La cronaca napoletana delle ultime settimane, in particolare, è agghiacciante. Il 27 ottobre scorso due ragazzini di 14 e 16 anni sono stati fermati dai Carabinieri nella zona della movida di Chiaia, per detenzione di coltelli con lame da ventitré centimetri; ad agosto un ragazzo di 16 anni ha ucciso a bruciapelo il suo migliore amico, Gennaro Ramondino di 20 anni, a Pianura e successivamente ne ha bruciato il corpo. Agli investigatori avrebbe confessato di averlo fatto per compiacere un boss della camorra, convinto di poterla fare franca grazie alla sua giovane età.
Tre settimane fa è toccato ad Emanuele Tufano, 15enne, ucciso da suoi coetanei in seguito ad una sparatoria avvenuta nel centro storico di Napoli. L’ultima vittima è stata Santo Romano, ucciso con un colpo di pistola al petto nella notte tra venerdì e sabato 2 novembre a San Sebastiano al Vesuvio.

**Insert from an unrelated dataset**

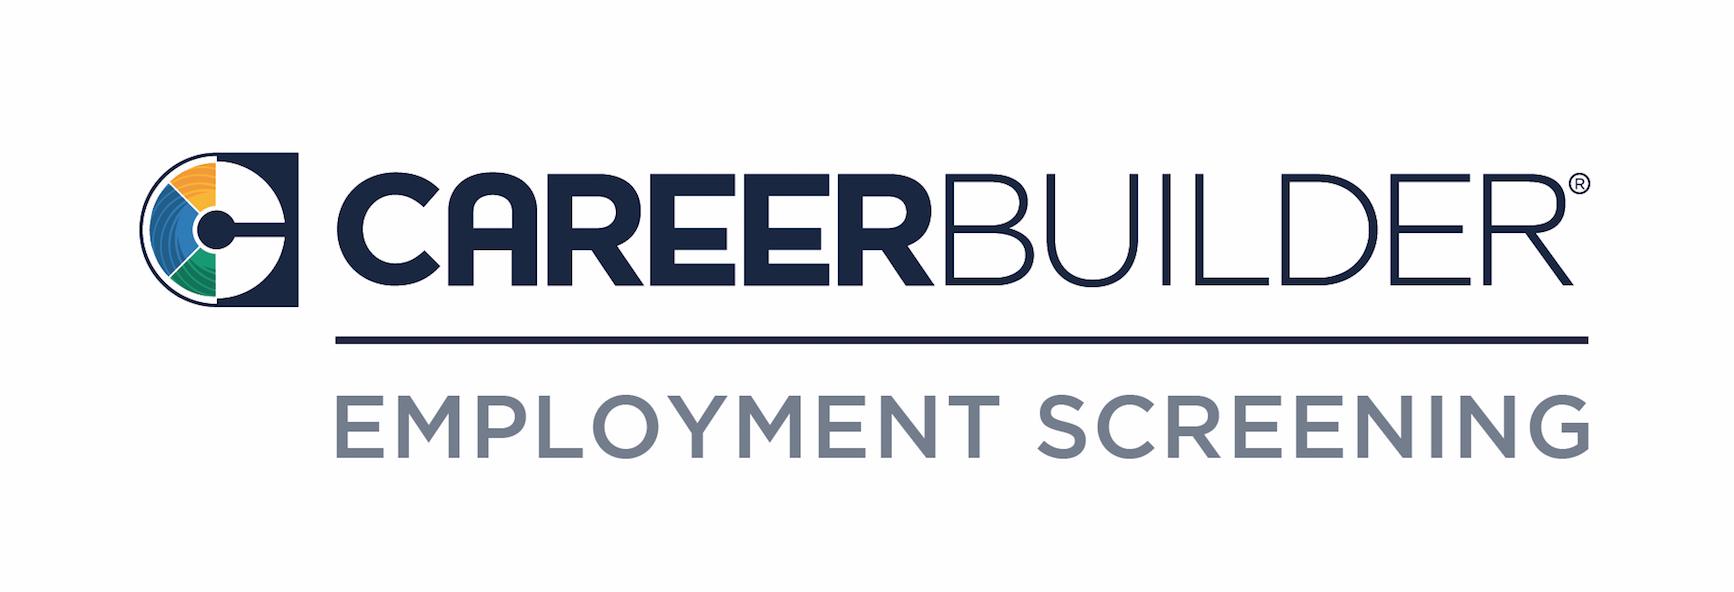 CB-Employment-screening-logo

I particolari e le possibili connessioni tra alcuni di questi episodi sono ancora più preoccupanti. Il giovane che ha ucciso l’anno scorso Francesco Pio sembra infatti che fosse amico dell’assassino di Santo Romano ed entrambi erano legati al figlio di un boss mafioso del clan Aprea, più volte arrestato per porto illegale di armi. C’è una foto inquietante che riprende i tre soggetti, che a quanto pare avevano un forte legame di amicizia e “fratellanza”, pubblicata sui social pochi giorni dopo l’uccisione di Francesco Pio Maimone proprio dal boss. Sembra una sorta di sostegno pubblico all’assassino e a quello che ha fatto. Questa amicizia mafiosa evidentemente non è casuale e ha contribuito almeno ad armare le mani omicide. Entrambi, peraltro, avrebbero ucciso per lo stesso incredibile movente: perché le loro scarpe firmate da centinaia di euro erano state sporcate.
Ci sono matrici comuni in queste tragedie, condotte simili, addirittura stesse amicizie e legami pericolosi, e gli esiti purtroppo sono assolutamente drammatici.

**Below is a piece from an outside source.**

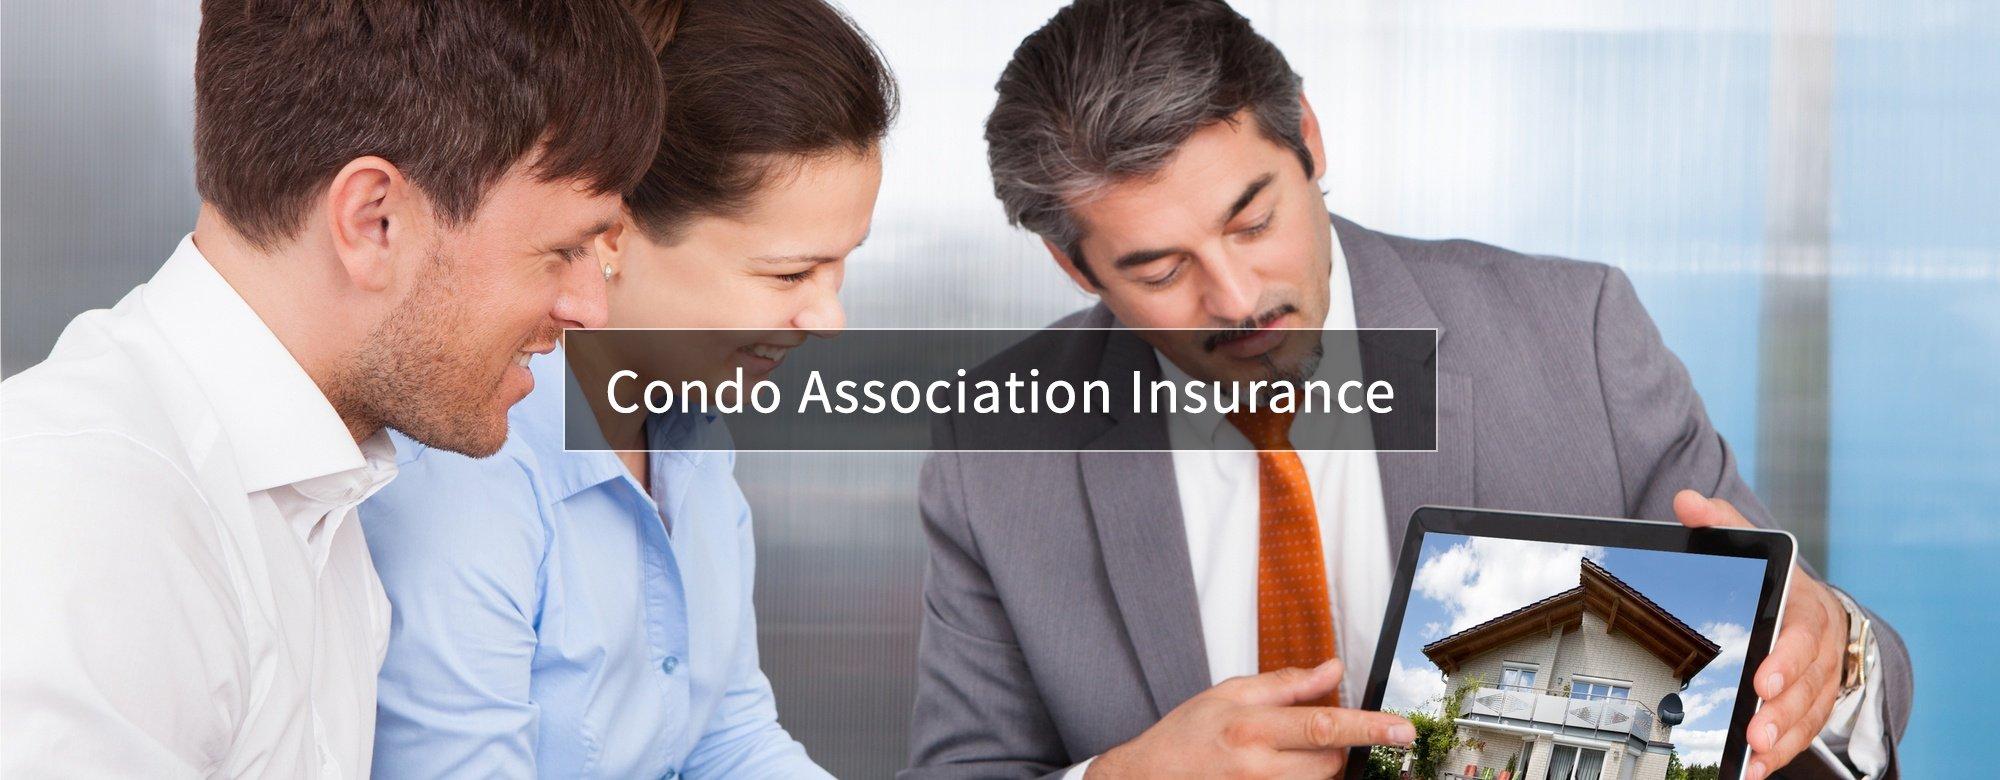 Condo Association Insurance inMassachusetts

C’è allora l’urgenza assoluta di disarmare questi giovani e chi li sostiene. E su questo fronte tantissimo stanno facendo le forze dell’ordine e la magistratura. Ma esiste una necessità altrettanto evidente che è quella di sviluppare efficaci percorsi di recupero e rieducazione per intere generazioni di ragazzi e ragazze che vivono quotidianamente bombardati da messaggi fuorvianti, da cui emerge che portare armi ed usarle sia una cosa normale, tanto da indurre alcuni giovanissimi a pensare che il coltello sia ormai un accessorio indispensabile per difendersi.
In tal modo il possesso di armi è diventato giustificato proprio perché si tratterebbe di strumenti atti a difendere e non più ad offendere, come invece anacronisticamente la legge ancora li considererebbe. Sono narrazioni talmente diffuse e propagandate, soprattutto su certi social, da indurre in errore anche giovani rampolli di famiglie perbene.
L’incontro ed il dialogo pluriennale coi ragazzi nelle scuole mi rimandano la stringente necessità di intervenire sui modelli educativi e sul processo di crescita, che sembra ormai disancorato dal binomio responsabilità/punizione.
Di contro, le fortunatamente tante storie di ragazze e ragazzi che ce l’hanno fatta, grazie anche ad un incontro a scuola ed all’attivazione di un processo di riflessione e maturazione di coscienza e consapevolezza, dimostrano l’utilità di percorsi di formazione e apprendimento di esempi positivi.
Quali sono gli esempi che diamo e che modelli trasmettiamo ai nostri figli? Queste sono le domande a cui non possiamo più permetterci di non rispondere.
Il tempo è già scaduto.
L’antimafia oggi è soprattutto questa, perché, come ci ha insegnato Paolo Borsellino, “solo se la gioventù le negherà il consenso, anche la onnipotente e misteriosa mafia svanirà come un incubo”.
Eppure, la gioventù non può farcela da sola senza una consapevole azione di indirizzo da parte di quelli che probabilmente proprio perché già caduti in errore o per averne accusato pesantemente le conseguenze, dovrebbero oggi sentire più stringente il bisogno di agire con tutti i mezzi a disposizione. Sperando che non sia già troppo tardi.